Tell POV ficlet! Cuz the fanfic100 prompts stirred the plot bunnies into a frenzy.
When they documented the expedition years down the track, when they converted it into a feature film as Elise was sure they would, they wouldn't talk about these parts.
There would be action, for sure. The film-makers would go all out on Atlantis's second baptism of fire with CG explosions and space battles and the pounding of gun fire. There would be drama and tension as the stranded expedition members - the heroes of the story - fought for their lives. The Wraith would reawaken, a truly terrible villian, and the audience would quail at the very real threat they had once posed.
The movie would be wrapped up with a spectacular conclusion, an epic battle in which (hopefully) the Wraith were finally defeated and the people of the Pegasus Galaxy were at last set free.
It was the times in between that would miss out.
Because after it was all done, nobody was going to talk about all the nights of trying to pick out the Sun from a sky of unfamiliar stars. There would be little mention of those long stretches of wondering if you would ever see Earth again, and no one would understand the gaping black hole that was left every time somebody didn't make it back to the city.
And nobody would mention these days, the ones that passed as weekends on Atlantis, though there was no driving home to see the family or away for two full days of lazing around.

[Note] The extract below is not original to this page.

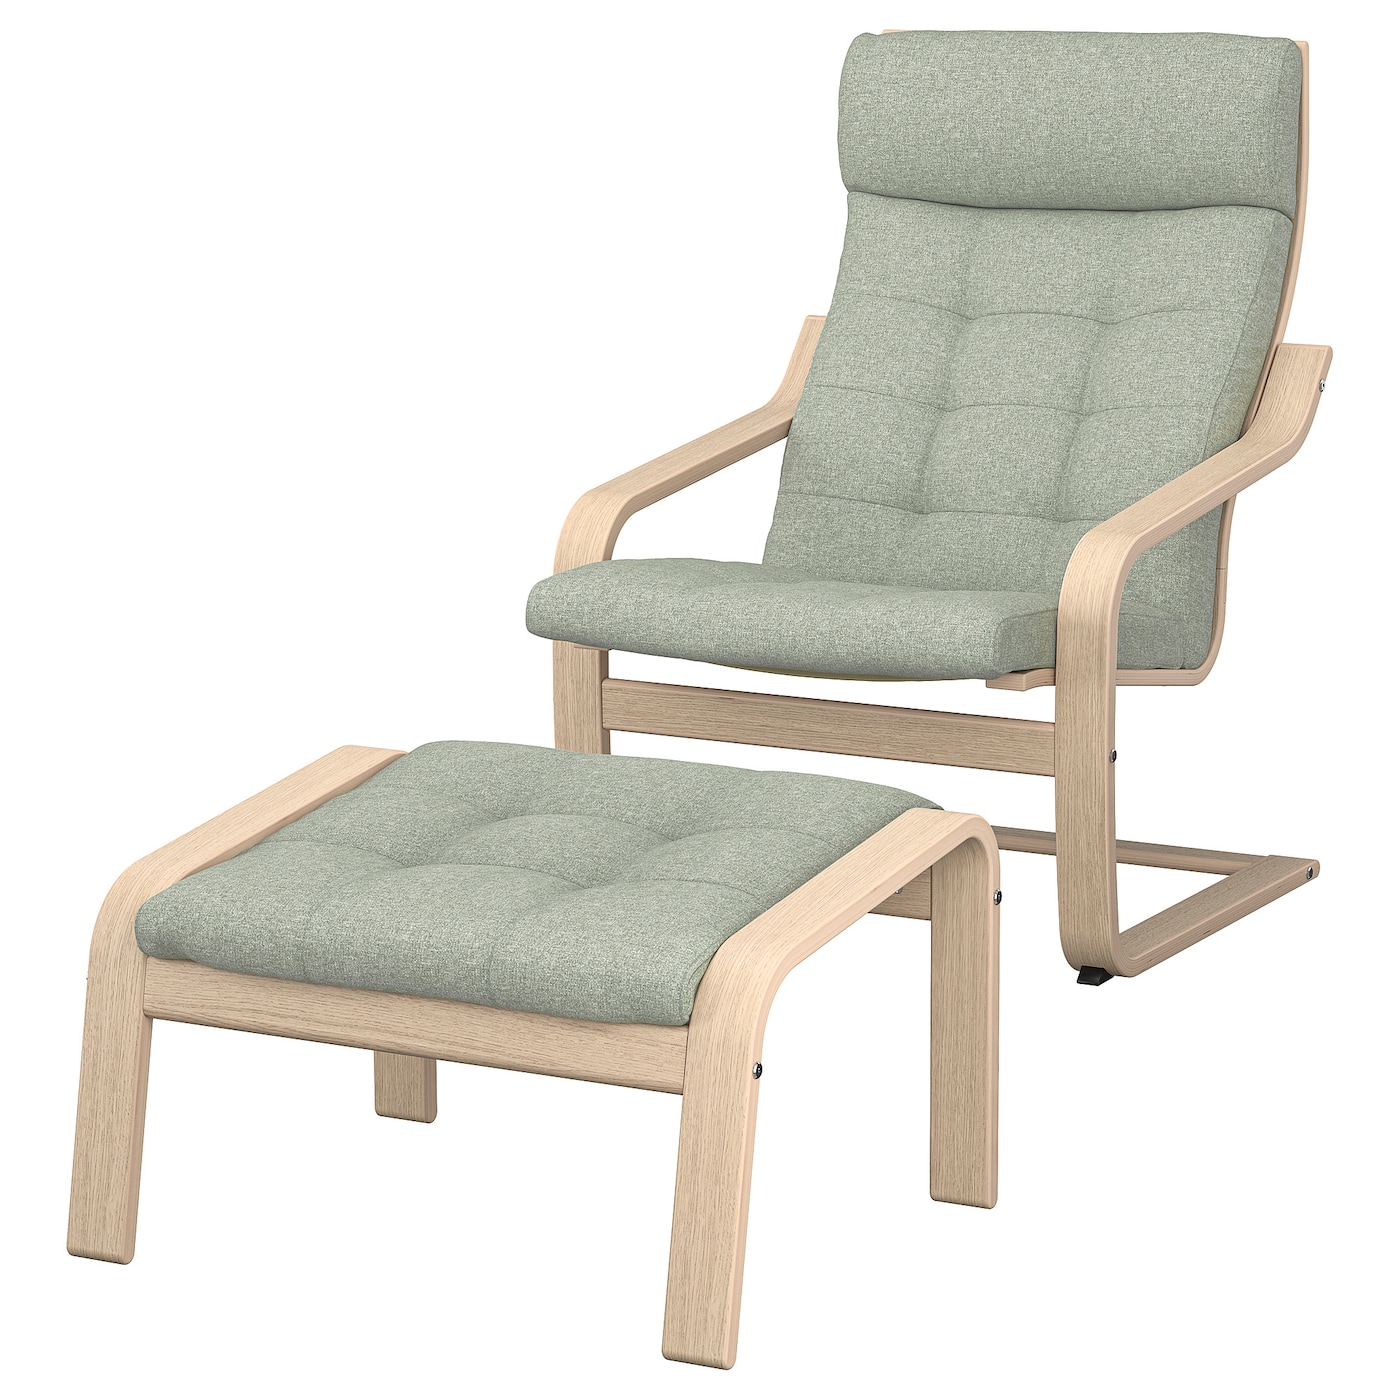 ПОЭНГ Кресло и подставка для ног, дубовый шпон светлый/Гуннаред светло-зеленый POÄNG IKEA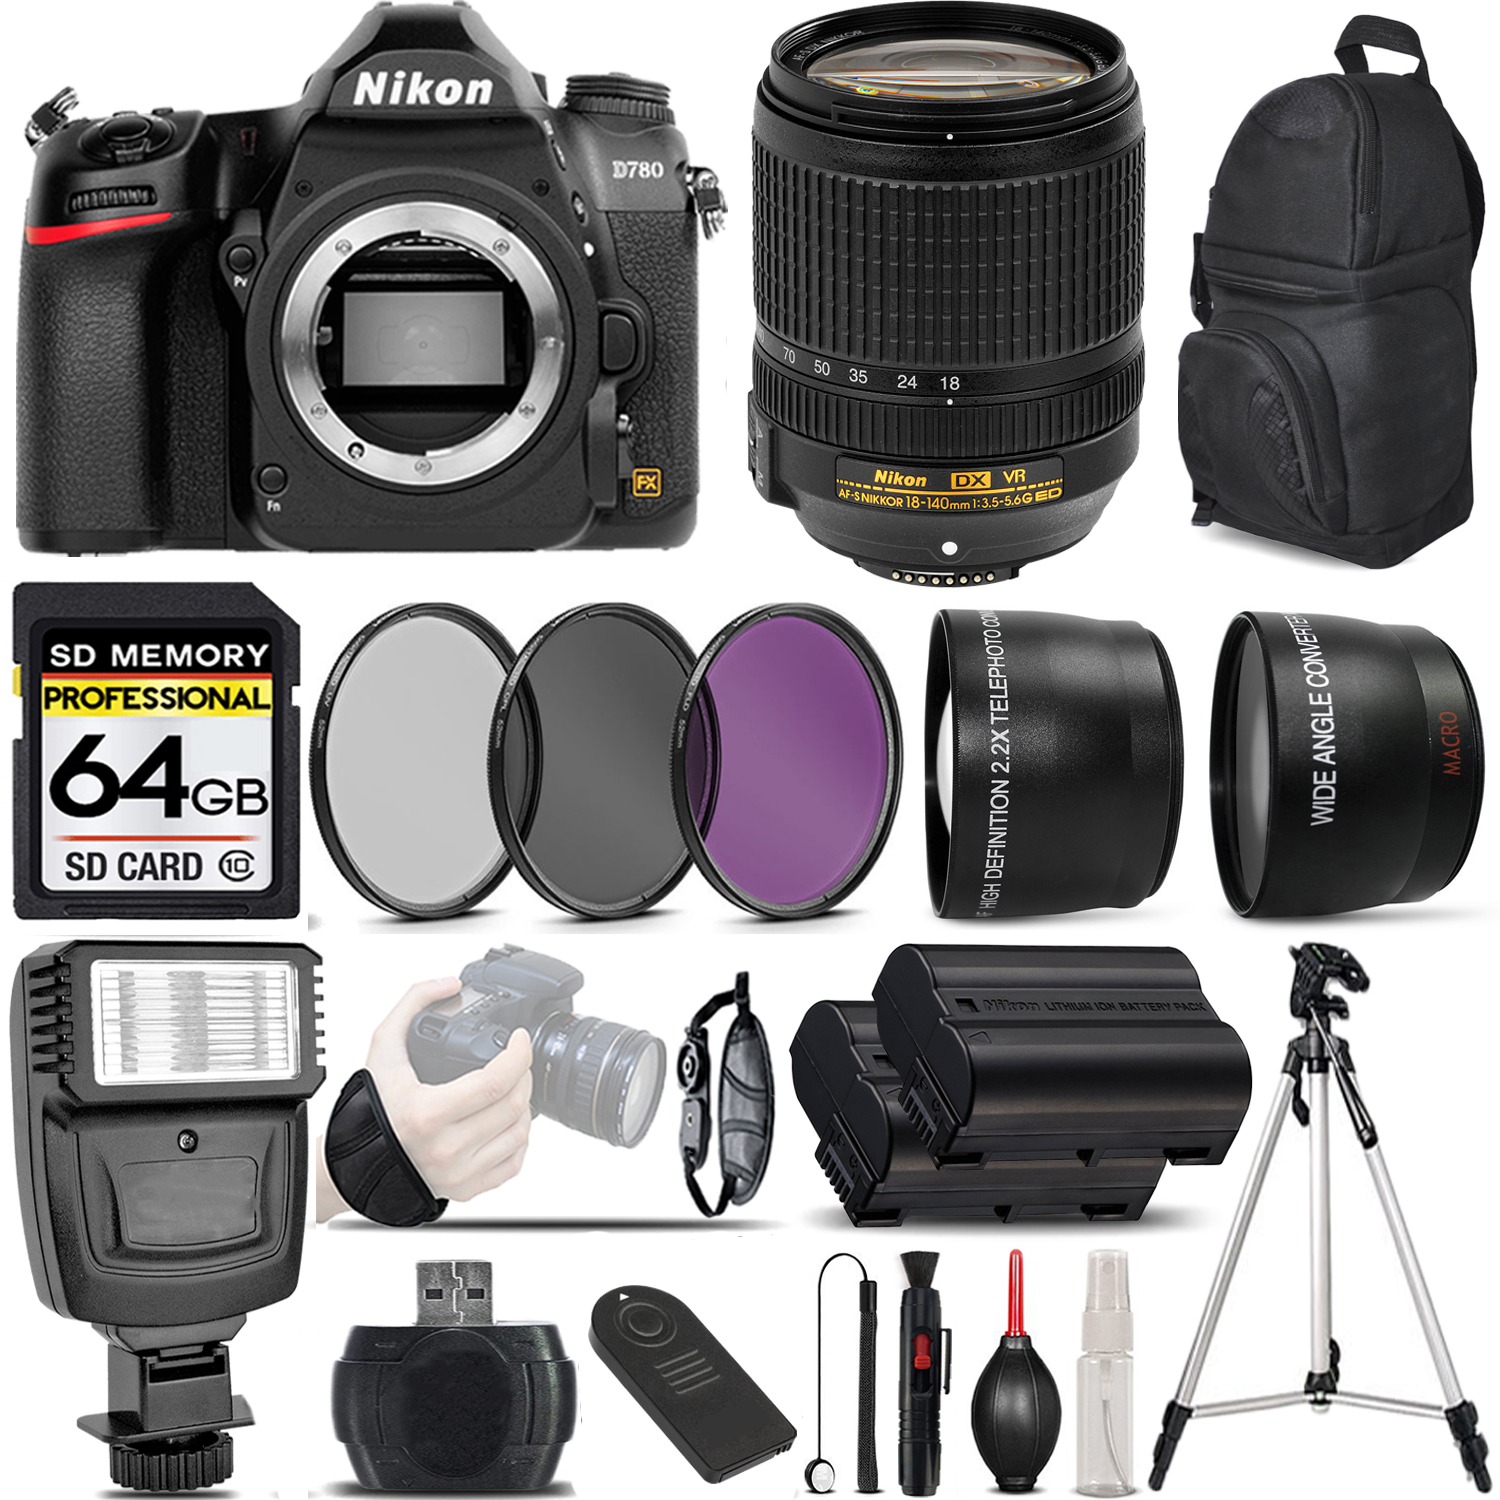 D780 DSLR Camera + 18-140mm VR AF-S Lens + 3 Piece Filter Set + 64GB Savings Bundle *FREE SHIPPING*

You wouldn't hear anybody discussing Lieutenant Donovan's impromptu rounds of cricket and his increasingly cunning ways of conning people into participating. Nor would any movie feature that memorable girls' poker night which Tim and Adam had made the mistake of crashing, only to have Elise win Tim's boxers from him; or the scientists' makeshift bowling alley in the hall rendered useless from flooding, or Zelenka's secret stills which everybody knew about. No talk of movie nights and the complicated politics involved in the seating arrangements, or conspiracies about cutting off Kavanagh's pony tail, or Elise's dismay at everybody else's cooking attempts, or Kaylee's controversial adoption of a member of the local wildlife.
Tell knew that in the long run the great big battles probably meant more, but she still thought it was a shame. Because for her, it was the times in the middle that were most important of all.